By directly injecting custom-built genes into muscle tissue in mice, researchers at the University of Chicago Medical Center have been able to produce long-term expression of the gene, continuous presence of the gene product in the circulation, and a lasting therapeutic response.
This is the first demonstration that an injected gene, without a viral delivery system, could produce and secrete enough protein into the bloodstream to make a clinical difference, and keep doing it indefinitely.
If this technique works as well in human trials, expected to begin next year, it could drastically decrease the need for erythropoietin, a drug used to treat certain types of anemia which are common in patients with kidney failure.
With an annual cost of nearly $8,000 each for more than 100,000 patients in the United States alone, sales of erythropoietin approached a billion dollars last year.
This innovative approach, reported in the October 1, 1996, issue of the Proceedings of the National Academy of Sciences, suggests that this method could be used not only to treat anemias that respond to erythropoietin, the hormone that stimulates the production of red blood cells, but also other disorders that result from too little secretion of a particular hormone into the bloodstream, diseases such as hemophilia and ultimately diabetes.

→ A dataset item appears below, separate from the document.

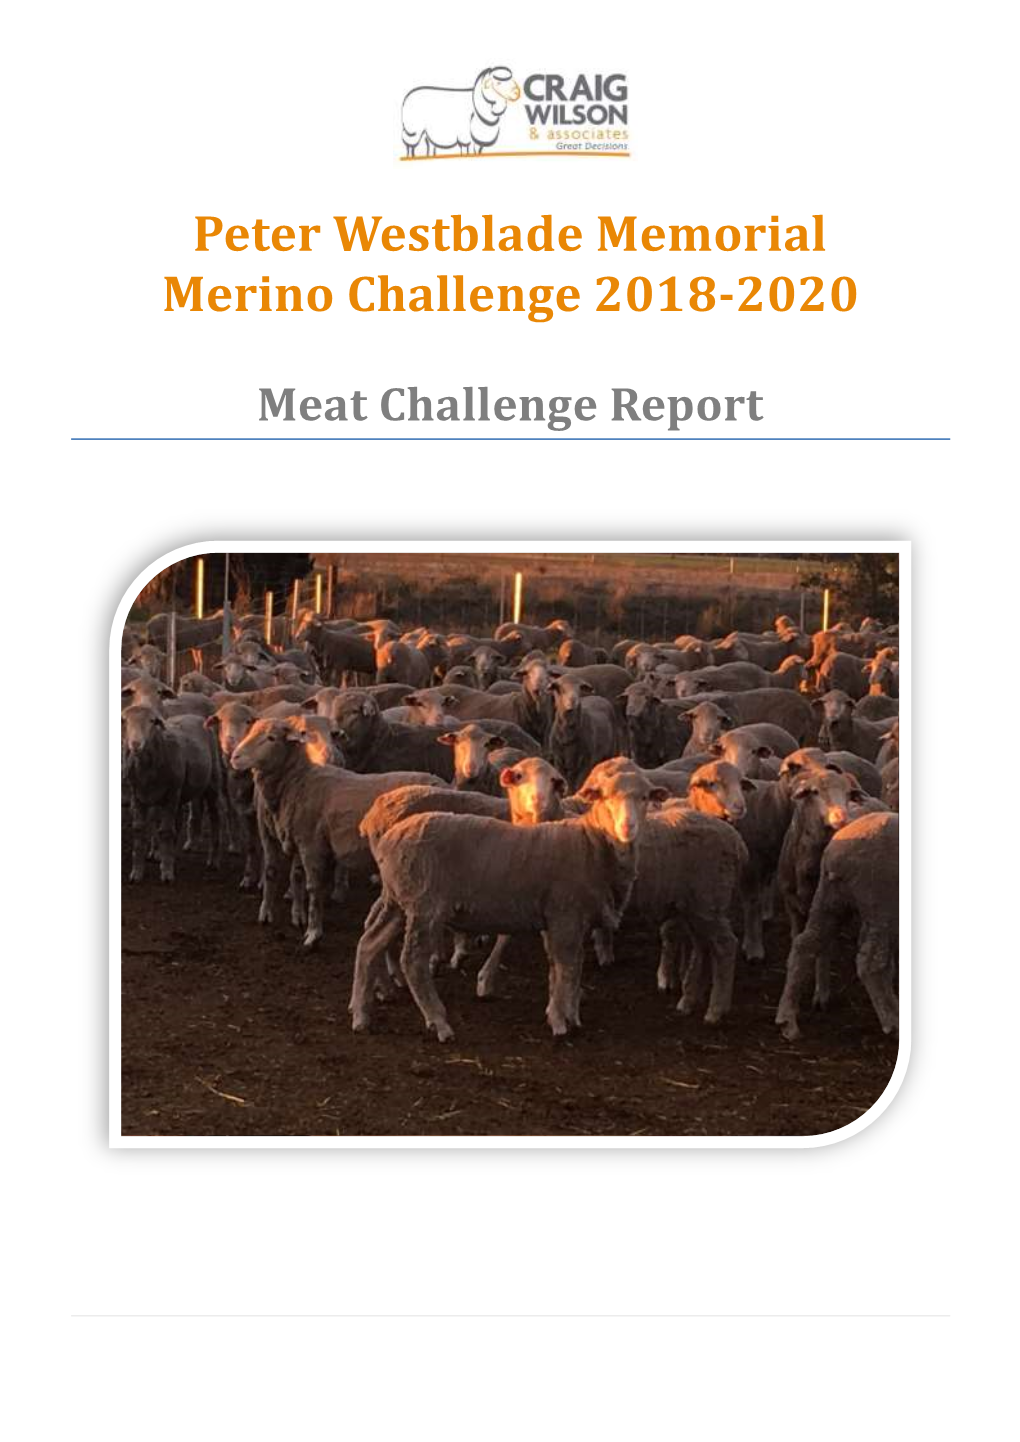 Peter Westblade Memorial Merino Challenge 2018-2020 Meat Report

"Our results suggest that intramuscular injection of currently available genes could be used to treat a variety of serum protein deficiency diseases," said Jeffrey Leiden, M.D., Ph.D., professor of medicine, section chief of cardiology at the University of Chicago, and director of the study. "Gene therapy with a single shot would be much more convenient and far less expensive than the multiple weekly injections patients now require."
The "naked DNA" approach has several advantages over using viruses to ferry genes into muscle cells. Naked DNA is easier and less expensive to prepare. It reduces the risks of contamination. It eliminates the risk of DNA damage associated with some viral vectors. And it does not trigger the immune response that has prevented long-lasting expression of some virally transported genes, which tend to be eliminated within two to four weeks.
This report also gives credence to a recent rebirth of enthusiasm for gene therapy. Despite its initial luster, disappointing results from some early clinical trials tarnished the image of this emerging field.
As scientists have learned more about the potential and pitfalls of gene therapy, the field has gradually shifted away from these initially unsuccessful attempts to correct single-gene disorders such as cystic fibrosis and toward the simpler goal of inserting genes to serve as miniature pharmacies, producing and secreting recombinant proteins such as erythropoietin, clotting factors or insulin into the blood.
Erythropoietin-deficient anemias may prove the easiest target. Erythropoietin, produced in the kidneys, signals the bone marrow to produce red blood cells. But about 140,000 people in the United States produce too little of the hormone. These patients, who suffer from kidney failure or who take AZT for HIV infection, require two-to-three injections of recombinant erythropoietin each week, at a cost of about $8,000 per year. Gene therapy could replace these repeated treatments with a single injection.
By injecting as little as 10 micrograms (10 millionths of a gram) of the customized erythropoietin gene injected directly into muscle Leiden and coworkers produced a 25 percent increase in red blood cells in normal mice that lasted for the duration of the experiment, three months or longer.
Five years ago, no one considered muscle cells as a target for this type of gene therapy. In 1991, however, groups led by Leiden and by Helen Blau at Stanford demonstrated that muscle cells present an ideal target for gene therapy because they readily take up new genes and secrete the products of those genes into the bloodstream.
This report extends that finding by demonstrating a simple and long-lasting way to introduce new genes into muscle cells.
In addition to Leiden, authors of this paper include Eugene Goldwasser, Ph.D., professor of biochemistry and molecular biology, who first isolated erythropoietin in 1977, Sandeep Tripathy, Eric Svensson and Hugh Black, from the University of Chicago and Peter Hobbit and Michael Margalith from Vical, Inc.
This work was supported by grants from the National Institutes of Health, the Falk Foundation, and a gift of human erythropoietin DNA from Amgen Inc.